Elterntaxis, Raser: Tausende Verkehrssünder vor Hamburgs Schulen
Wochenlang hat die Polizei im Hamburger Stadtgebiet vor Schulen und Kitas besonders intensiv kontrolliert, Gespräche geführt und Blitzer aufgestellt. Nun zieht sie eine teils ernüchternde Bilanz.
Bei dreiwöchigen Kontrollen vor Grundschulen und Kitas in Hamburg hat die Polizei mehr als 8000 Verstöße festgestellt – in den meisten Fällen waren Autofahrerinnen und Autofahrer zu schnell unterwegs.
Fast 7000 Tempoverstöße vor Hamburger Schulen
Fast 7000 Mal lösten die mobilen Blitz- oder Messgeräte zwischen Mitte März und Anfang April aus, wie die Polizei mitteilte.

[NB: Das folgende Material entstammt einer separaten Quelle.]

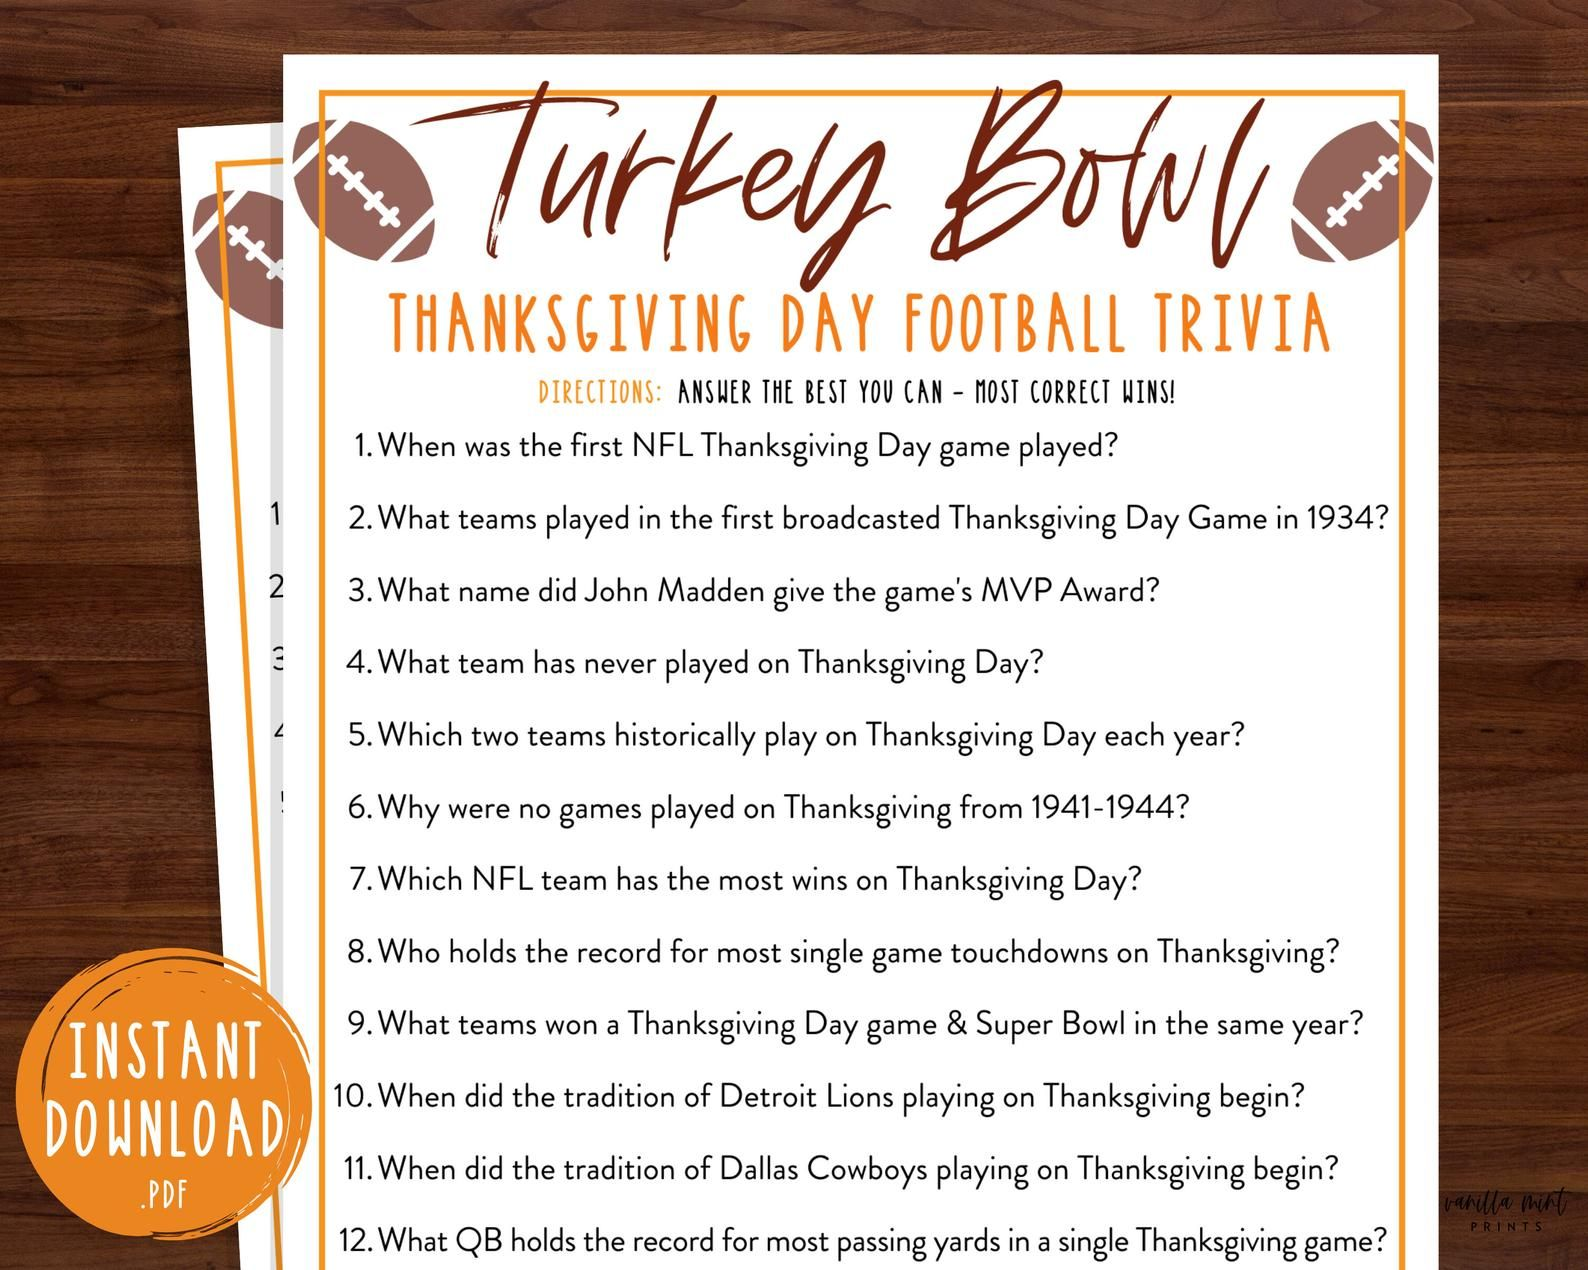 Thanksgiving Day Football Trivia Game Nfl Turkey Bowl Trivia Thanksgiving Printable Games Fun Thanksgiving Trivia Game Friendsgiving In 2020 Thanksgiving Day Football Thanksgiving Facts Thanksgiving Games

Zudem hatten fast 600 Autofahrer falsch geparkt, in mehr als 70 Fällen waren die Kinder nicht ordnungsgemäß gesichert und fast 50-mal waren sie oder die Eltern nicht angeschnallt. Außerdem wurden 23 Menschen dabei erwischt, wie sie über eine rote Ampel gefahren sind.
Im Rahmen der Verkehrssicherheitsaktion „Rücksicht auf Kinder … kommt an!“ führten die etwa 1200 Polizeibeamtinnen und -beamte zudem rund 5000 Gespräche mit Bürgern und Eltern.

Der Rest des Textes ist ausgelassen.